The wear resistance mechanisms of molluscan shell surface topography lay in its rib morphology and coupled structure, which comprehensively controlled the trajectories and motion methods of the abrasive elements. The trajectories of the abrasive elements are shown in Figure 13. Each rib effectively broke the continuous sliding state of the abrasives through the application of different pressures between the windward and leeward sides, generating vortices in the channels between the ribs that changed the motion of the abrasives from sliding to rolling (Figures 13(a)-13(b)). The abrasive elements that passed through the model were divided into two directions: downstream and perpendicular. In the downstream flow directional condition, vortices formed between the ribs like “rolling bearings” and triggered “sand particle cushions,” which changed the contact form and motion state between the abrasives and the model surface. This created a “scrolling” effect that significantly reduced the frictional resistance, markedly improving the wear-resisting performance. In the perpendicular to the flow directional condition, the ribs acted as guiding devices directing the abrasive scrolling while the wall shell stress was very low (Figure 10). Combining the “scrolling” and “direct” effects imbued the two models with good antiwear capabilities.

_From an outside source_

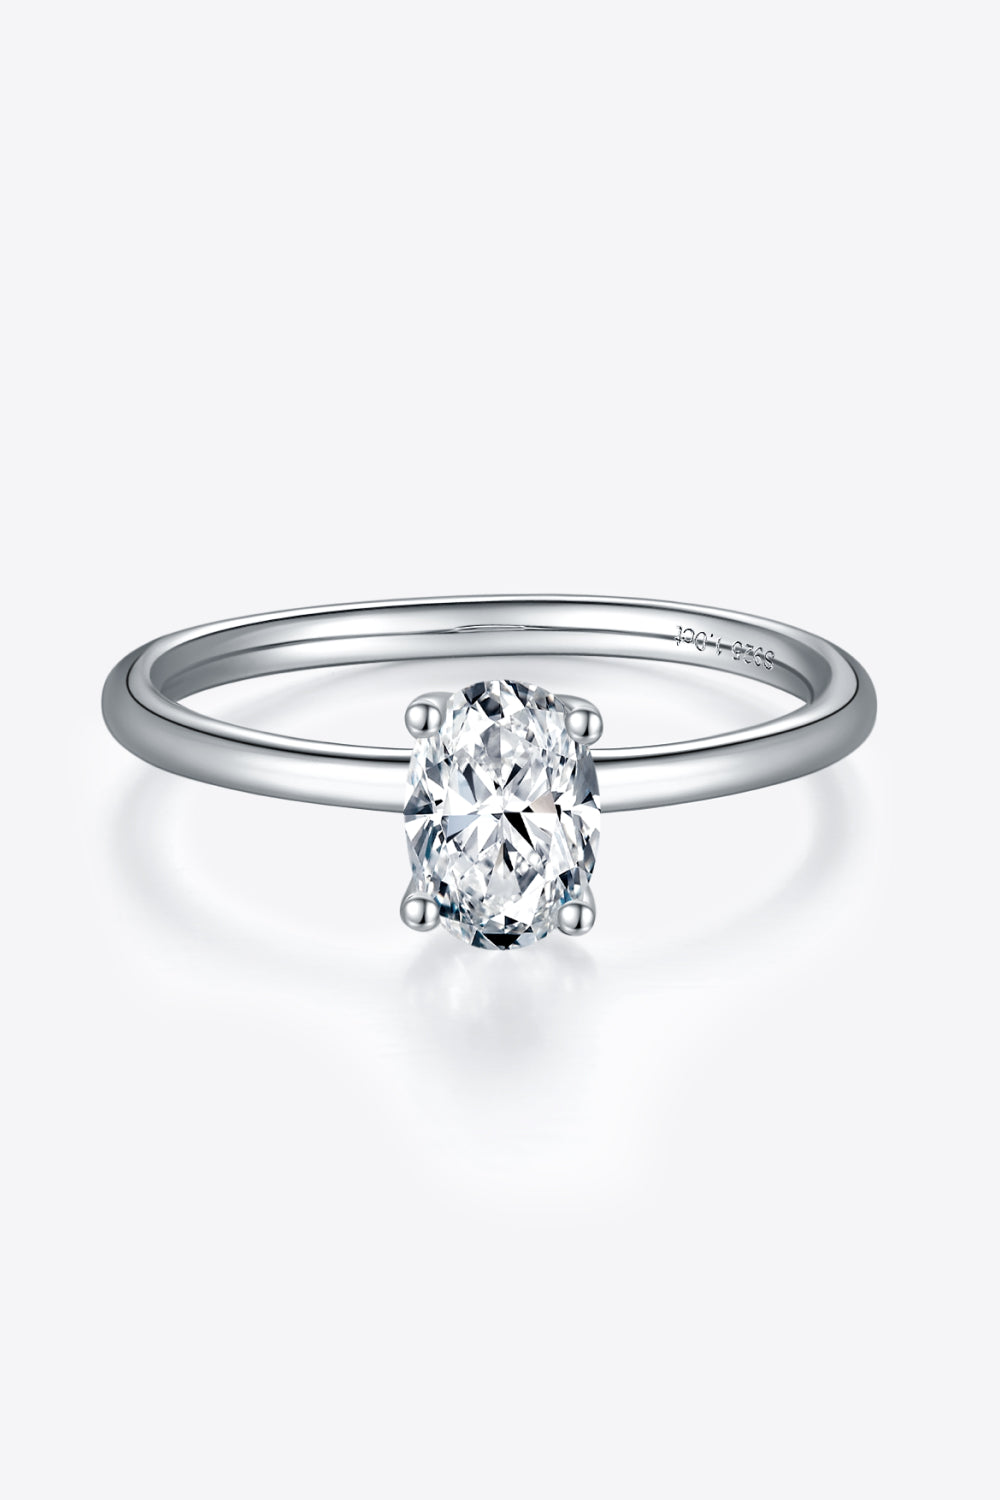 1 Carat Moissanite 925 Sterling Silver Solitaire Ring
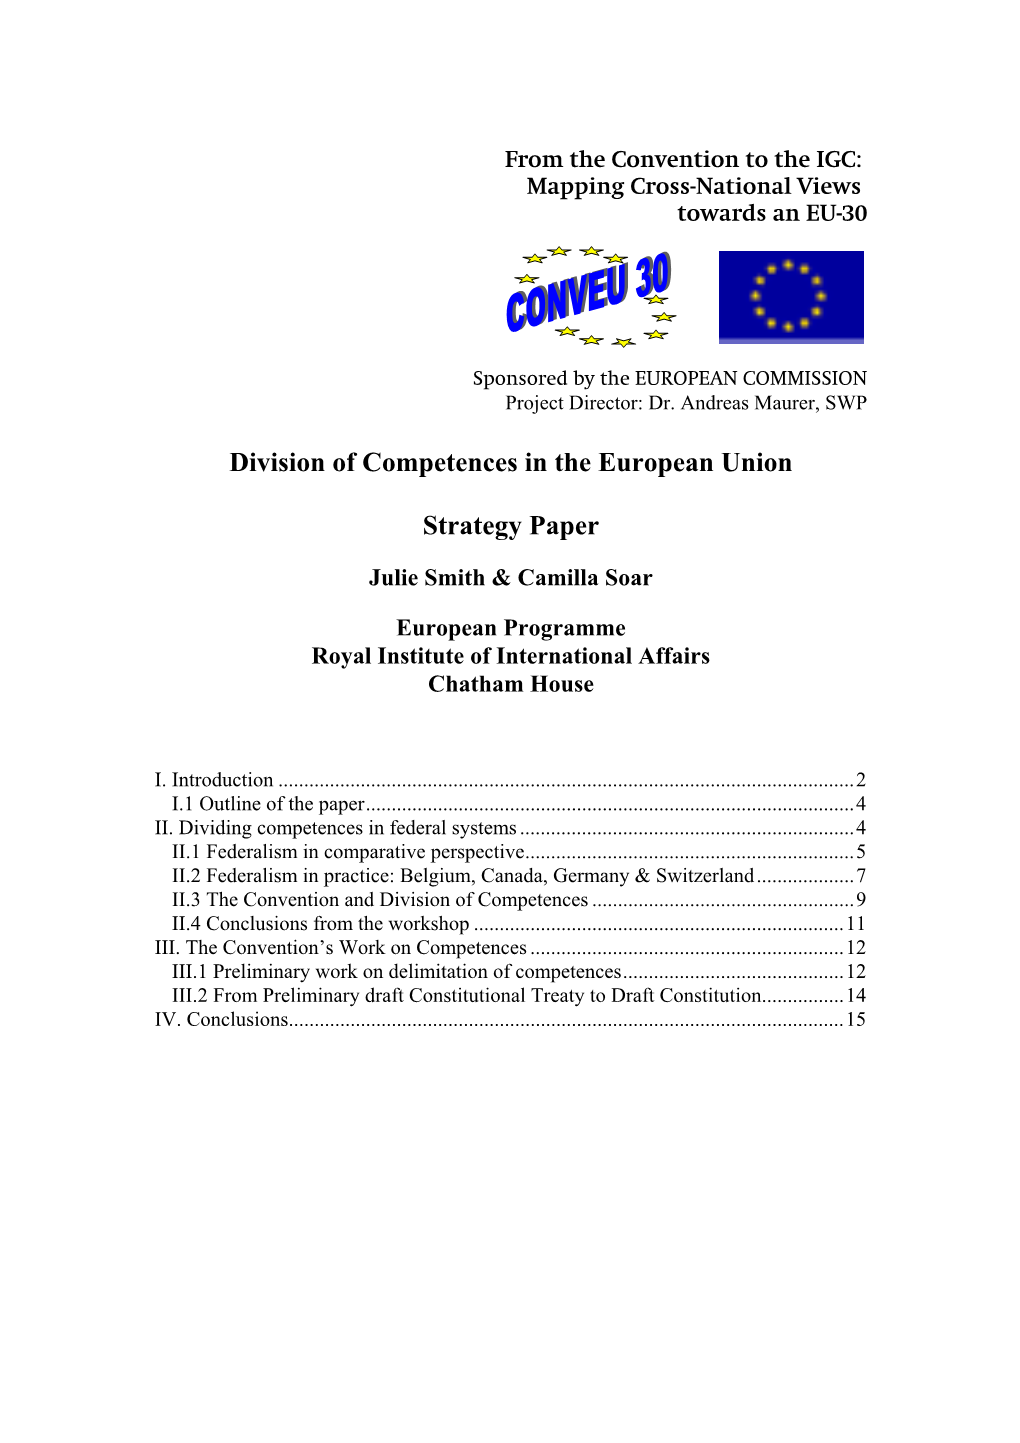 Division of Competences in the European Union

Although both models have good wear resistance characteristics, the degree of their antiwear capabilities differs. The above results suggest that the antiwear capabilities of the CSM were better than those of the RMM because the nodules on the ribs of the former changed the trajectories and motion of the abrasives (Figure 13(c)). The streamlines represented by blue and brown in Figure 12(c) refer to the abrasive trajectories passing over the tops and bottoms of the nodules, respectively. The smooth tops of the nodules prompted the abrasives to slide down and fall into the bottom of the nodules. They intervened in the abrasive flow passing through it (brown), reducing the shear stress (Table 6). However, this interference phenomenon was slightly hampered by the intensity of the vortices, which was obviously inadequate in the CSM (Figure 13(b)), so the “scrolling” effect between the ribs is decreased and the wall shear of the CSM between the ribs was higher than that in the RMM (Figure 10), but it did not affect the wear resistance properties of the whole model.

The experiments and simulations conducted in this study show that the surface topography of molluscan shells (Scapharca subcrenata) significantly influences their antiwear capabilities. The rib morphology and coupled structure redistribute the shear stress through changes in the trajectories and motion states of abrasive elements. Although both the RMM and CSM have predominant antiwear capabilities, the wear resistance characteristics of the latter are superior to those of the former. The CSM is more conductive to decreasing the impact velocity and energy of abrasive particles, which reduces the probability of microcrack generation, extension, and desquamation in the model. In a real-world environment, the friction sustained by Scapharca subcrenata’s left shell is greater than that experienced by its right shell. Thus, the coupled structure of the left shell is the result of extensive evolution.

Conflict of Interests

The authors declare that there is no conflict of interests regarding the publication of this paper.

Acknowledgments

The authors are grateful for grants received from the National Natural Science Foundation of China (Grant nos. 51105168 and 51205160), the High-Tech Industrialisation Demonstration Projects of Jilin Province (Grant no. jfggj20111084), and the Changchun Special Project of Major Scientific Research (Grant no. 13KG33).